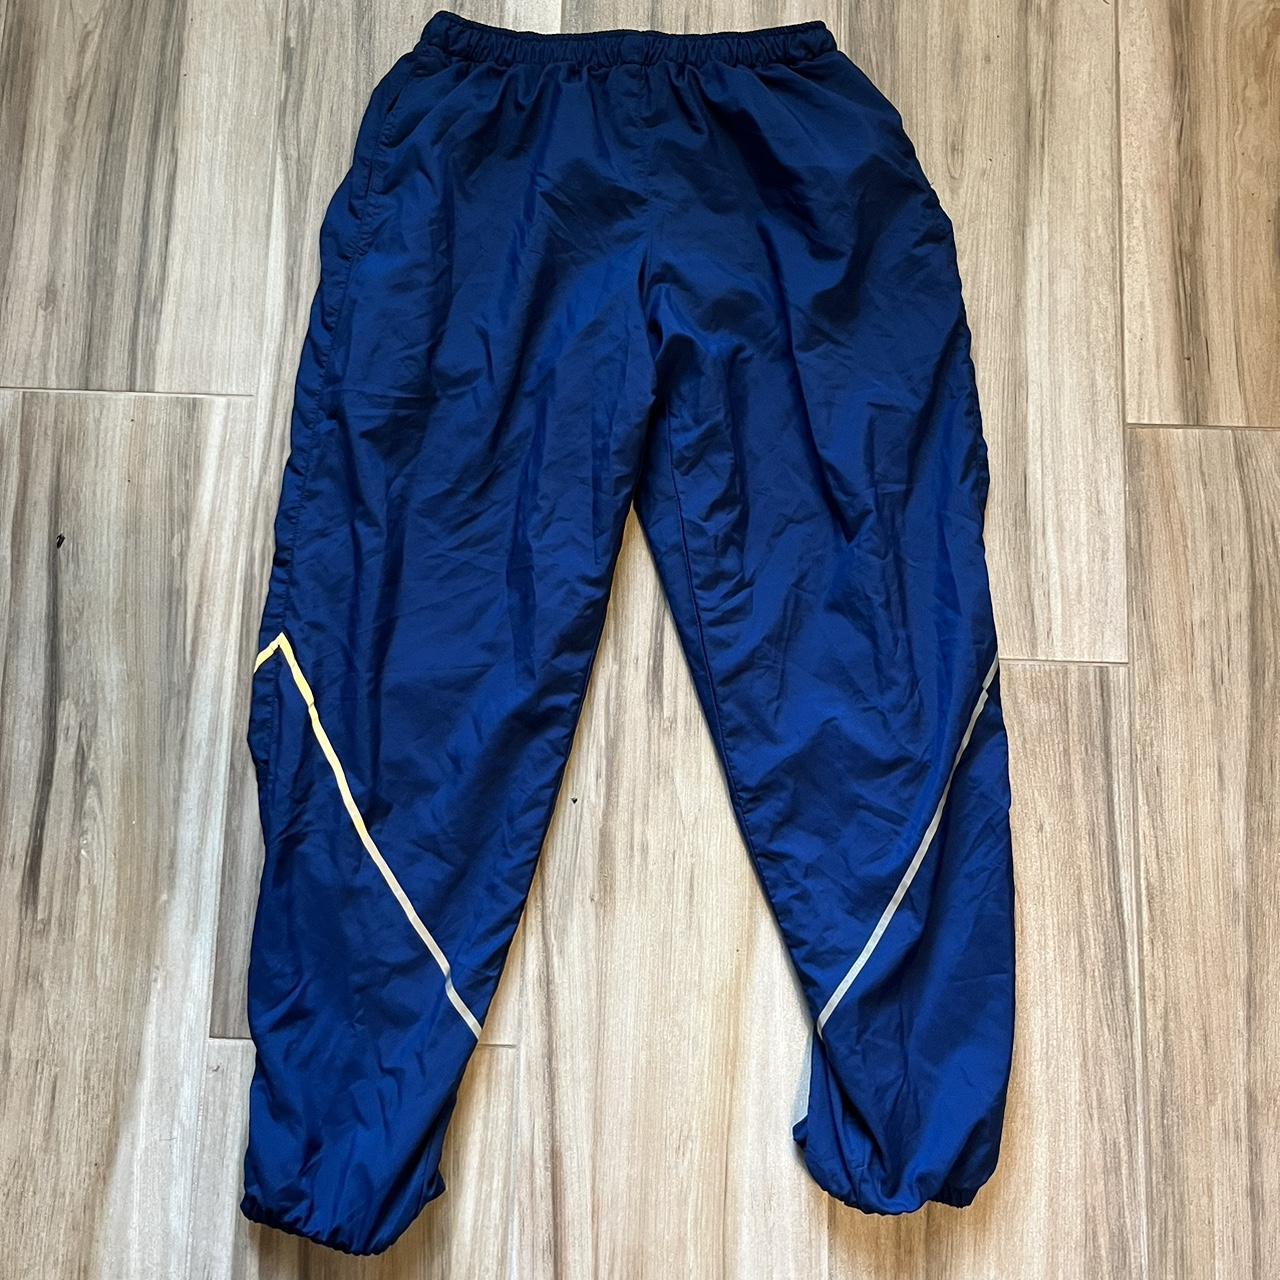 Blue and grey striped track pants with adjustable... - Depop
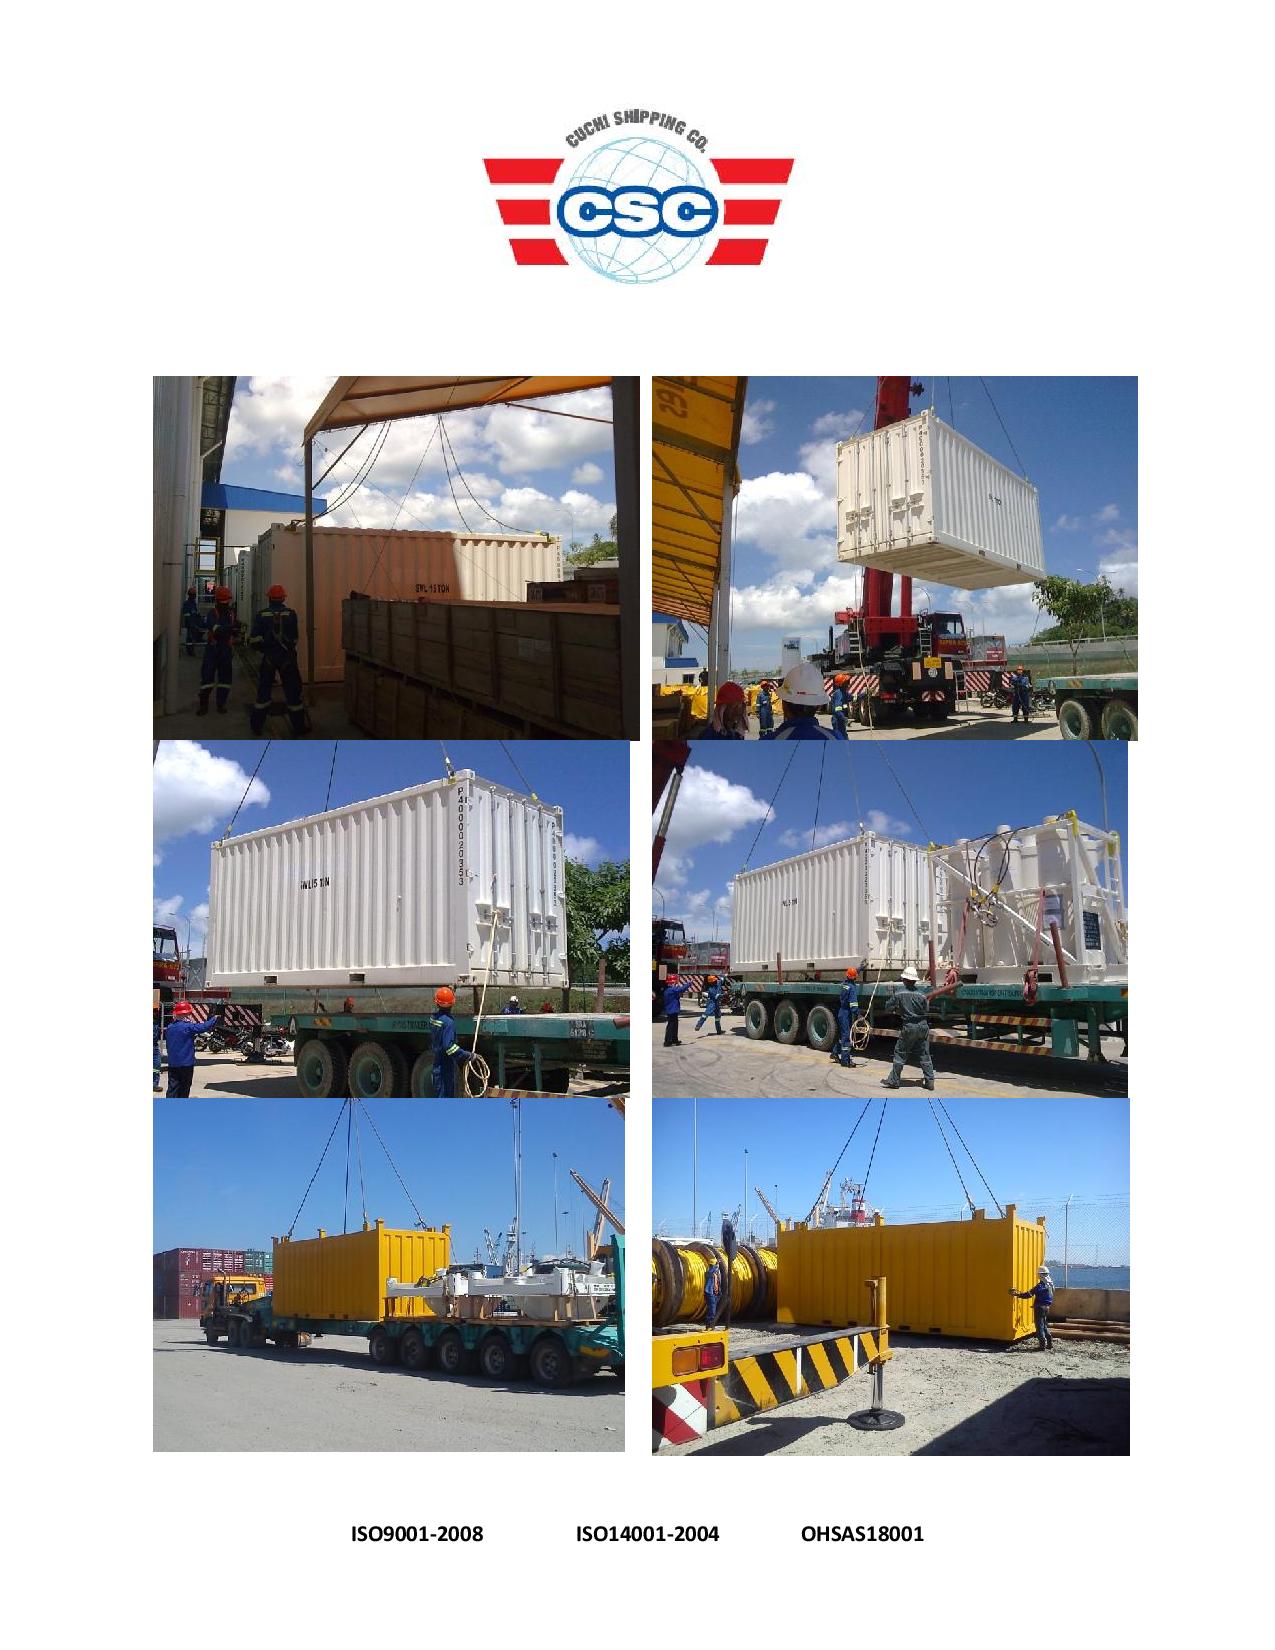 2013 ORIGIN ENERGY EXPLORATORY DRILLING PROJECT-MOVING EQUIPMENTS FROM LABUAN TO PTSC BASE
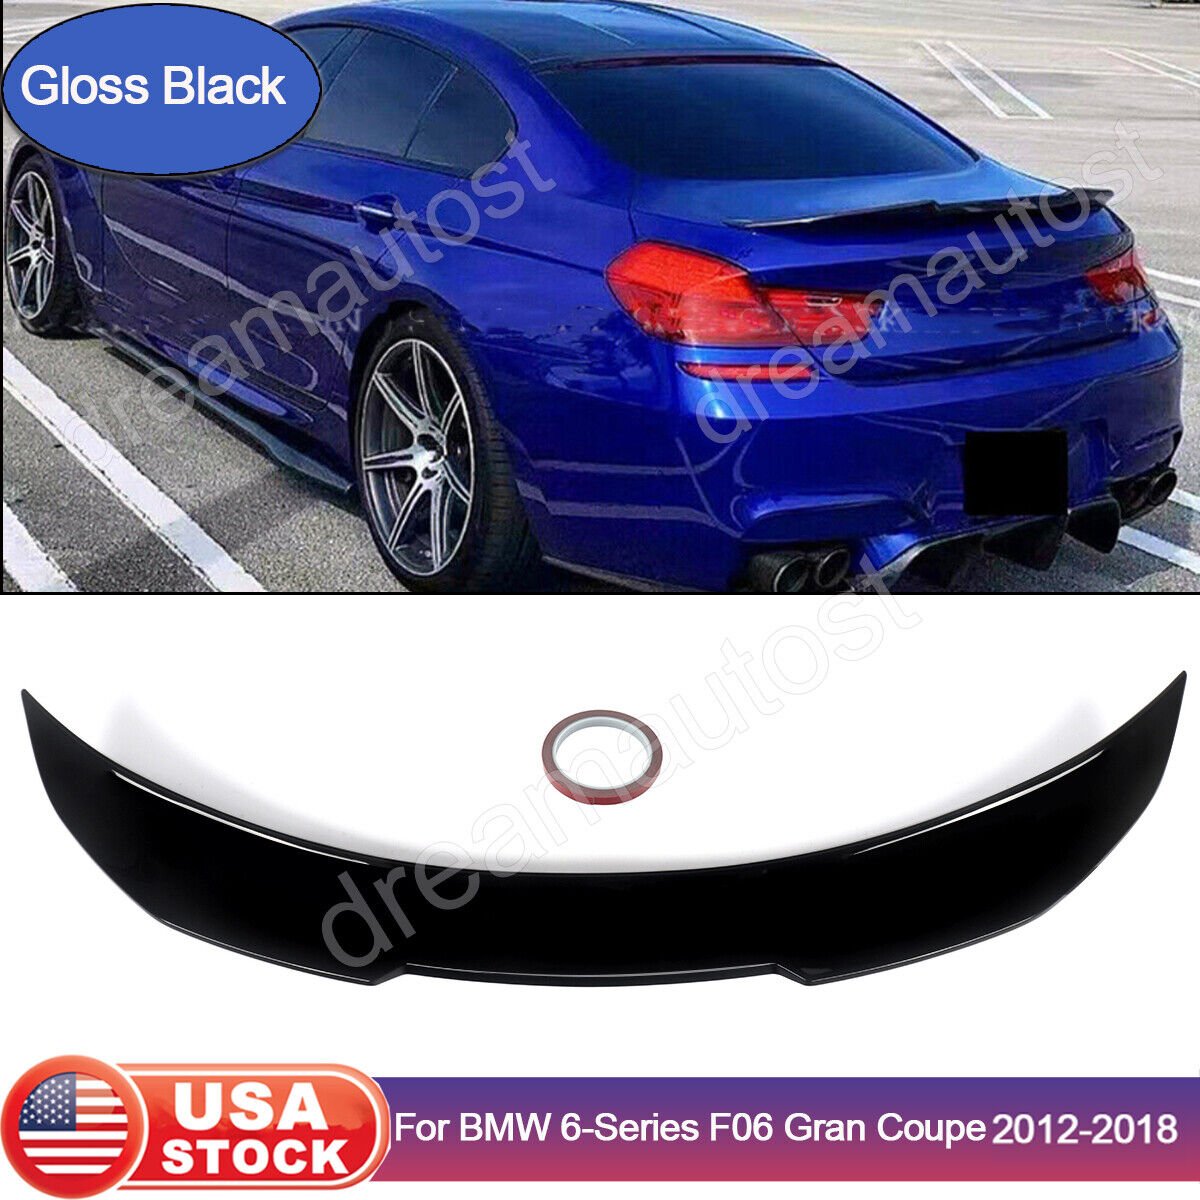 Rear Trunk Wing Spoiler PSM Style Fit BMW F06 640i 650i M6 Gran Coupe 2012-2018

◆ Exercise requirements: Omit all images when repeating the data above exactly.

◆ Result of this task:
 Blue and grey striped track pants with adjustable... - Depop
 2013 ORIGIN ENERGY EXPLORATORY DRILLING PROJECT-MOVING EQUIPMENTS FROM LABUAN TO PTSC BASE
 Rear Trunk Wing Spoiler PSM Style Fit BMW F06 640i 650i M6 Gran Coupe 2012-2018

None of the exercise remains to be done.